国(くに)を去(さ)って 三巴(さんぱ) 遠(とほ)し
楼(ろう)に登(のぼ)れば 万里(ばんり)の春(はる)
心(こころ)を傷(いた)ましむ 江上(こうじょう)の客(かく)
是(こ)れ故郷(こきょう)の人(ひと)ならず

盧僎(ろせん)の五言絶句。山田勝美氏『中国名詩鑑賞辞典』によれば、盧僎は初唐、中宗(ちゅうそう)の頃の詩人。聞喜尉(ぶんきい)よりはいって学士となり、吏部員外郎(りぶいんがいろう)にまで進んだ。


意。国を離れて遠い三巴の地にやって来た。楼に登れば見渡す限り春たけなわの景色だ。揚子江ほとりでひとり佇む私が目にするのは船で往来する旅人は皆異郷の人々。故郷の人は居ない(淋しさが満ちてくる)。
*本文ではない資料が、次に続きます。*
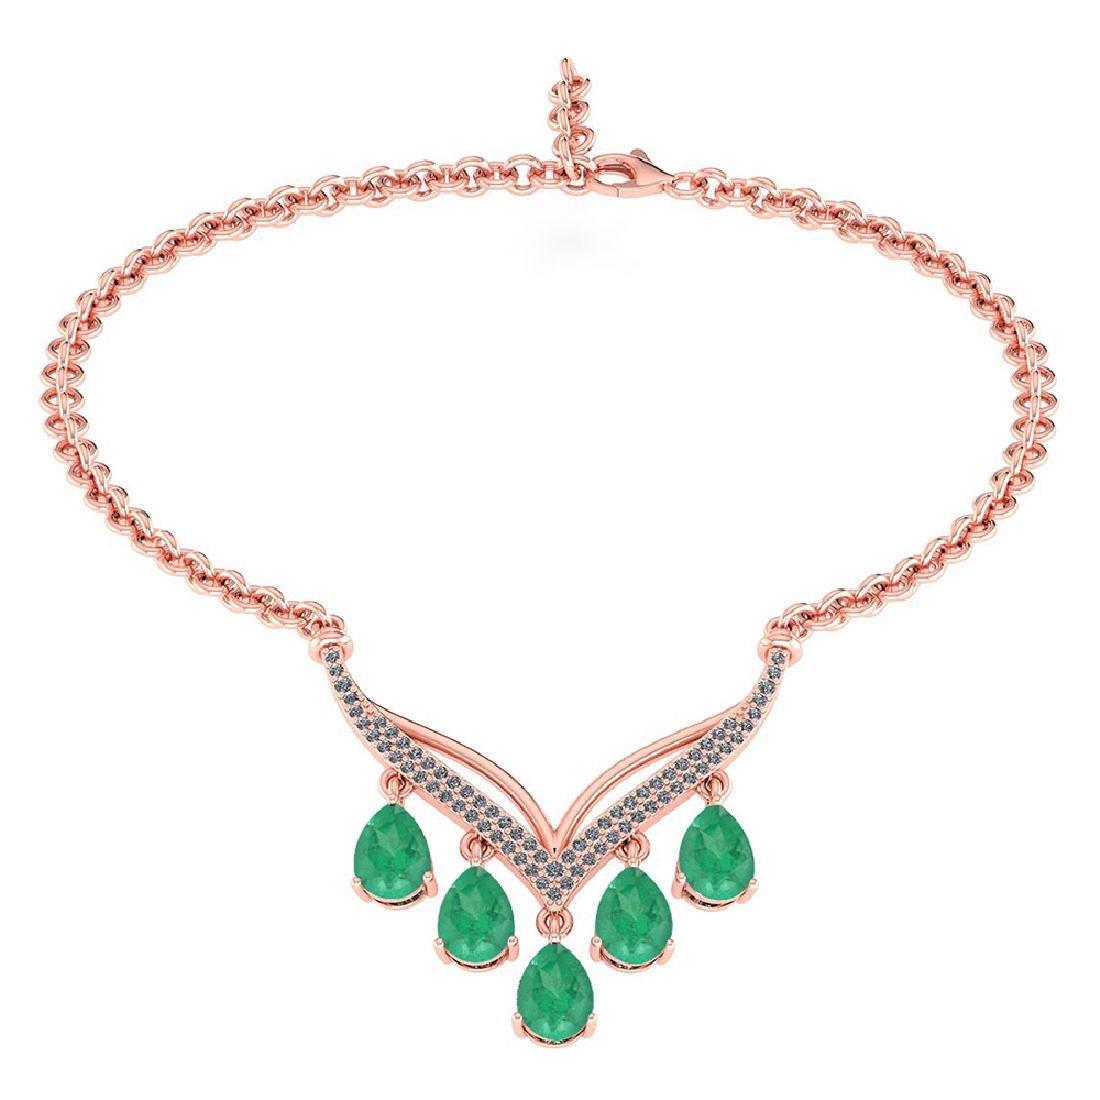 Certified 4.19 CTW Genuine Emerald And Diamond 14k Rose

南楼は四川省の巴江(はこう/重慶府)のほとりにある。この楼に登って四方の眺望をほしいままにし、旅愁を感じて歌ったもの。
淡々として旅愁を訴えているが胸に強くせまるものがある。長い流浪の旅路の果ては風光明媚な蜀の地でおりしも時は春、楼上からの大観はひとしお遊子の思いをかきたてたことだろう。万里春は佳句であり、転句にいたって、焦点を去来する旅人にしぼって、それもまた我が故郷の人ではない、嗚呼せめて故郷の人になりと会いたいものと、実にやるせない孤愁を訴えている。旅愁の作中の逸品と解説にある。
二十字に描かれた情景に旅愁が浮き彫りになり沁み渡るような美しさをも感じる詩だ。


昨日、朝からメンバーシップになっているホテルのスパ&フィットネスで軽くプールで過ごし、ごくごく軽く三つのサウナで過ごし、場所を移動し、ヘアサロンでシャンプーブローし、移動し、表参道の鉄板焼きの店で友人と合流し、昼のひとときを過ごす。ラウンジ一面の窓の向こう一望出来る街並と眼下にけやき並木の広がる空中庭園が居心地の良い店だ。友人と解散し、移動し紀尾井町で打ち合わせ、移動し恵比寿で所用後、コールドプレスジュースの店で二種ジュースを選び、帰宅。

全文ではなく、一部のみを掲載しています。